[Dataset section]
━━━━━━━━━━━━━━━━
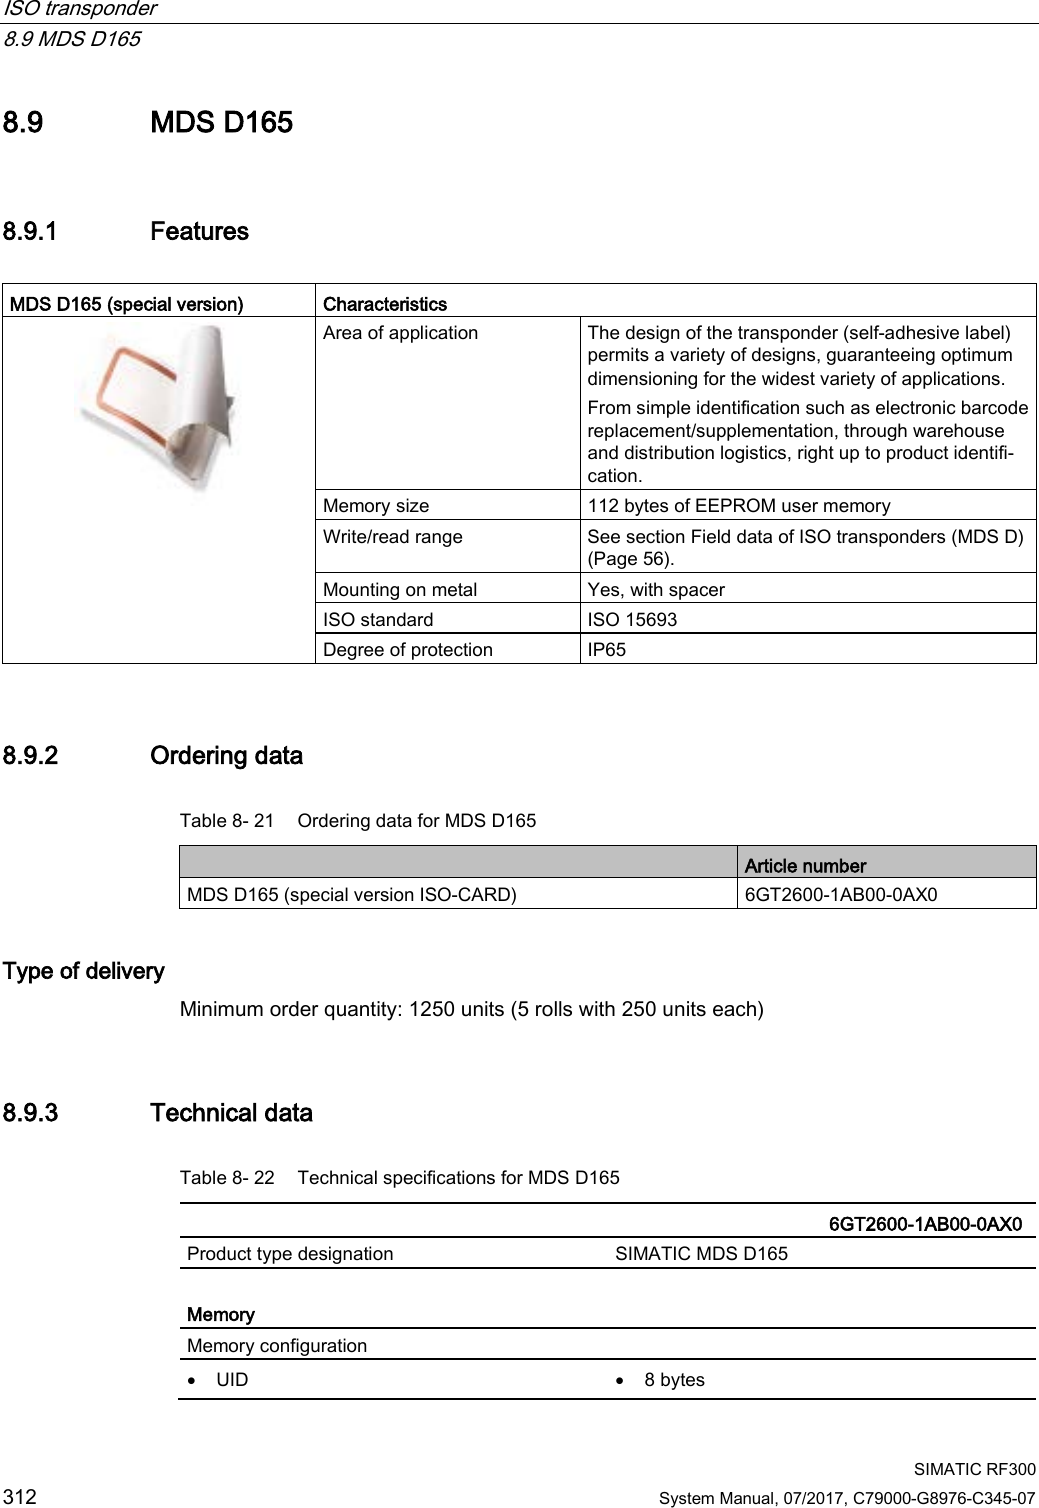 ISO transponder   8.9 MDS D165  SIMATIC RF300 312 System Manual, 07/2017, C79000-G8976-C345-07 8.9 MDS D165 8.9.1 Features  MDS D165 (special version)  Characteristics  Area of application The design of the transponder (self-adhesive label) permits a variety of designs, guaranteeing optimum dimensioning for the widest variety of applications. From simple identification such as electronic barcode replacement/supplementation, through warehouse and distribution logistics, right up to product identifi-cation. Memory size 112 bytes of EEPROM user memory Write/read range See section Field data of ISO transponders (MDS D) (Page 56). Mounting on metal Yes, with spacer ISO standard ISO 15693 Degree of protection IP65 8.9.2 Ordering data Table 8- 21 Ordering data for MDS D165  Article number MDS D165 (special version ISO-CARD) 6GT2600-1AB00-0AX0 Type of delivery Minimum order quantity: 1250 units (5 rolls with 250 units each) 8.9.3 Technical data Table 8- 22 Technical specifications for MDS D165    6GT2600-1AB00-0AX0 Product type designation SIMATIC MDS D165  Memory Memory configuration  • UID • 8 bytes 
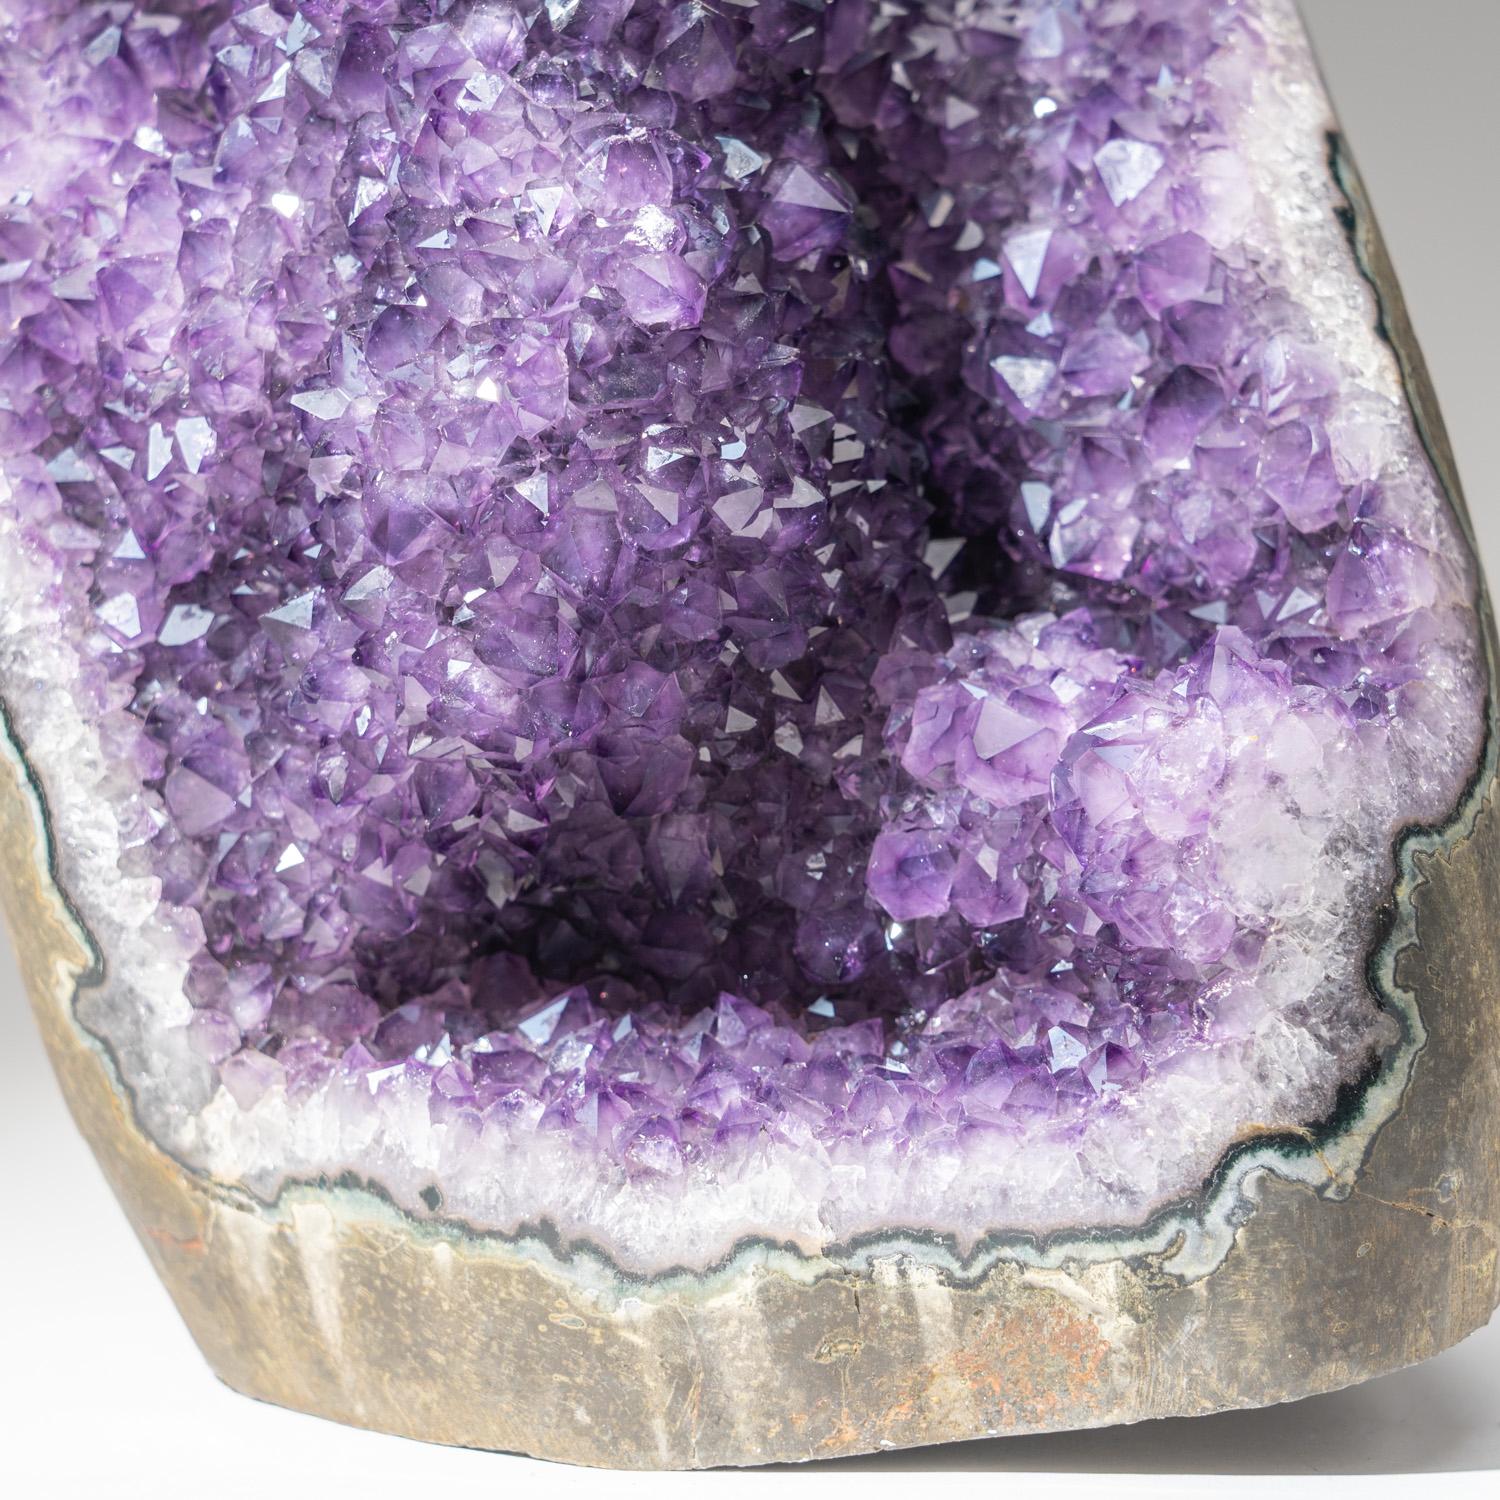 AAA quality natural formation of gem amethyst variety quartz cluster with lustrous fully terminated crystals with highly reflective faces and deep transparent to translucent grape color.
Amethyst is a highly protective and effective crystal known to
━━━━━━━━━━━━━━━━
[Task statement] Please copy the lines above, starting at the one that holds "AAA quality natural" and stopping after the last line, exactly as they appear and minus the pictures.

[Written response]
 AAA quality natural formation of gem amethyst variety quartz cluster with lustrous fully terminated crystals with highly reflective faces and deep transparent to translucent grape color.
Amethyst is a highly protective and effective crystal known to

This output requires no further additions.